By this metric, Sysco Corporation (SYY) is the more undervalued stock at a PEG of 0. 29x versus Sprouts Farmers Market, Inc. 's 0. 88x. A PEG below 1. 0 is traditionally considered the threshold for growth-adjusted undervaluation. On forward earnings alone, The Simply Good Foods Company (SMPL) trades at 7. 4x forward P/E versus 15. 8x for Sysco Corporation — 8. 4x cheaper on a one-year earnings basis. Analyst consensus price targets imply the most upside for HAIN: 77. 3% to $1. 17.

08

Which pays a better dividend — AQB or SFM or HAIN or SYY or SMPL?

In this comparison, SYY (2.

8% yield) pays a dividend. AQB, SFM, HAIN, SMPL do not pay a meaningful dividend and should not be held primarily for income.

09

Is AQB or SFM or HAIN or SYY or SMPL better for a retirement portfolio?

For long-horizon retirement investors, Sysco Corporation (SYY) is the stronger choice — it scores higher on the combination of lower volatility, dividend reliability, and long-term compounding (low volatility (β 0.

46), 2. 8% yield). The Hain Celestial Group, Inc. (HAIN) carries a higher beta of 2. 19 — meaning larger drawdowns in market downturns, which matters significantly when you cannot wait years for a recovery. Both have compounded well over 10 years (SYY: +81. 3%, HAIN: -98. 6%), confirming both are viable long-term holds — but the lower-volatility option typically results in less emotional selling during corrections.

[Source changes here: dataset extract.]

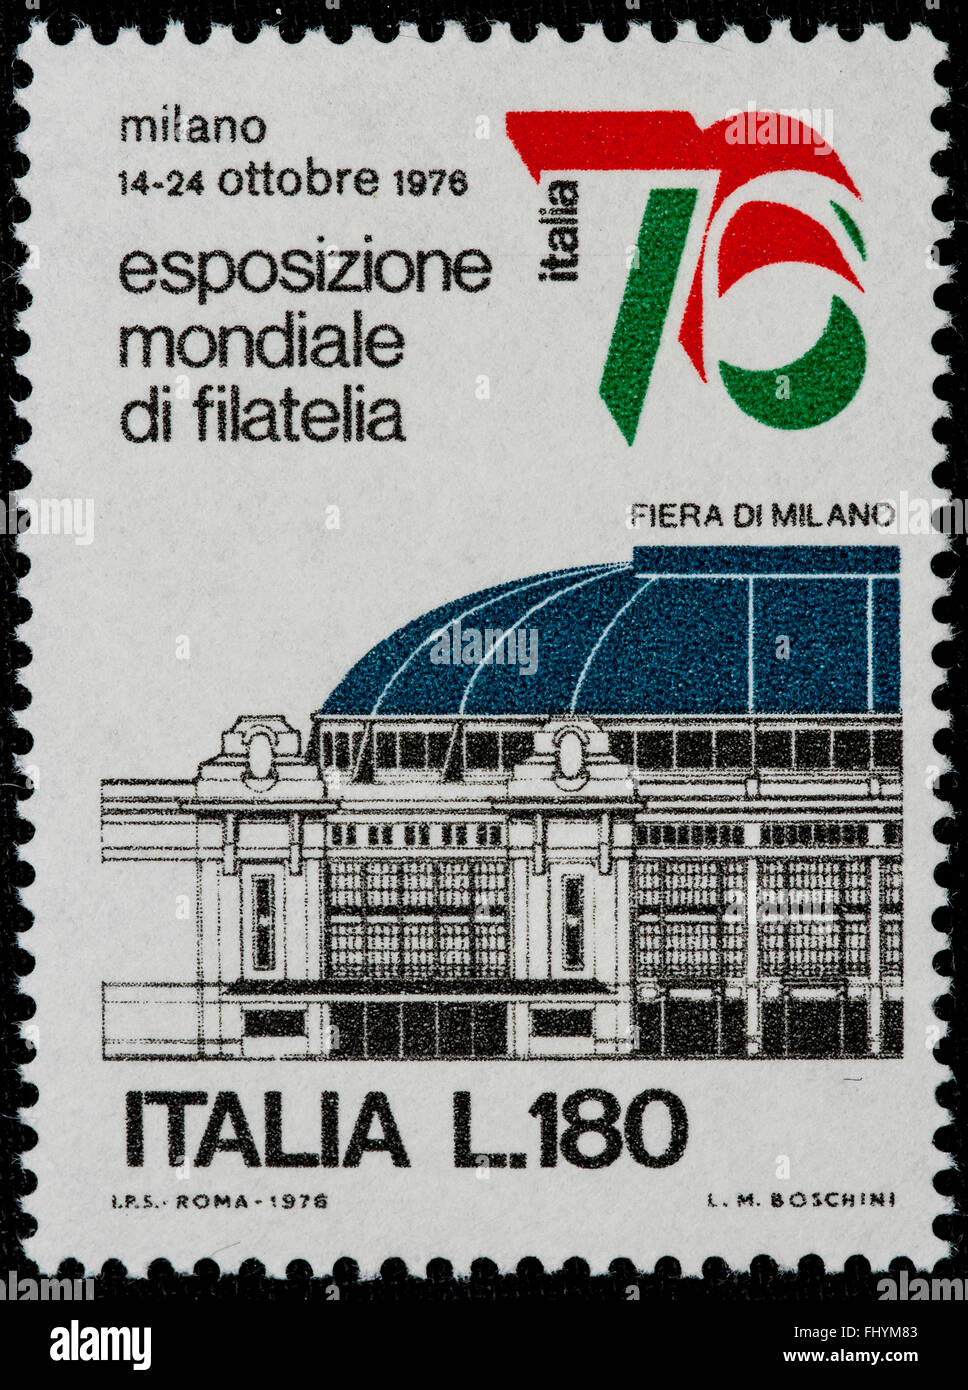 1976 - menta ITALIANO sello emitido para celebrar la expo filatelia en todo el mundo. 180 liras Foto de stock

Retirement portfolios generally favour predictability over maximum returns. Consult a financial advisor before making allocation decisions.

10

What are the main differences between AQB and SFM and HAIN and SYY and SMPL?

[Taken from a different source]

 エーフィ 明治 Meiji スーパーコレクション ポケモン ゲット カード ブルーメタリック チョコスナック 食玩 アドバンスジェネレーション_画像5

Both stocks operate in the Consumer Defensive sector, making this a peer-level intra-sector comparison — the same macro tailwinds and headwinds will affect both.

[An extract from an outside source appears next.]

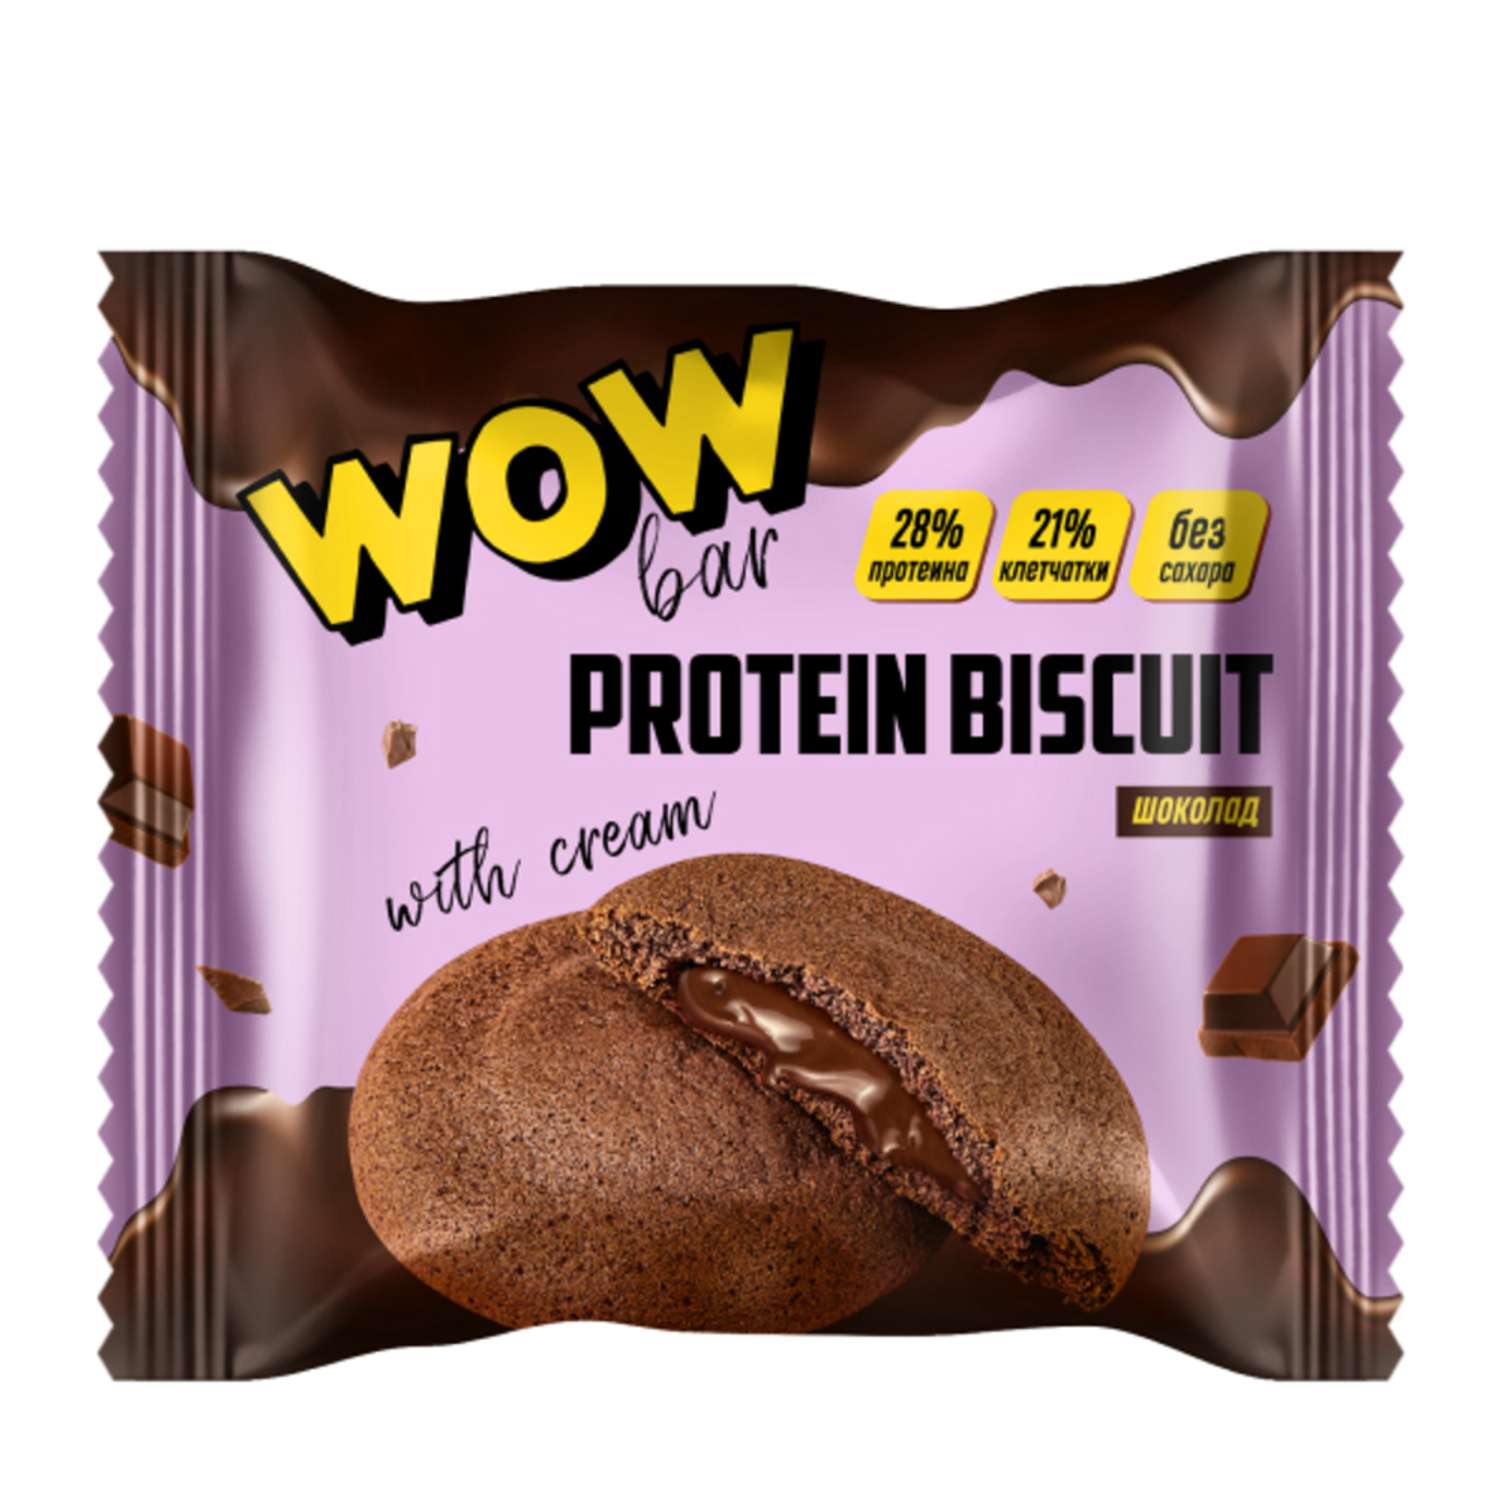 Протеиновое печенье Prime Kraft wowbar protein biscuit с кремовой начинкой со вкусом «Шоколад» 10 шт x 40 гр - фото 1

In terms of investment character: AQB is a small-cap quality compounder stock; SFM is a small-cap deep-value stock; HAIN is a small-cap quality compounder stock; SYY is a mid-cap quality compounder stock; SMPL is a small-cap deep-value stock. SYY pays a dividend while AQB, SFM, HAIN, SMPL do not, making them suitable for different income and tax situations. These fundamental differences mean investors should not choose between them on a single metric — the "better stock" depends entirely on which of these characteristics aligns with your investment strategy.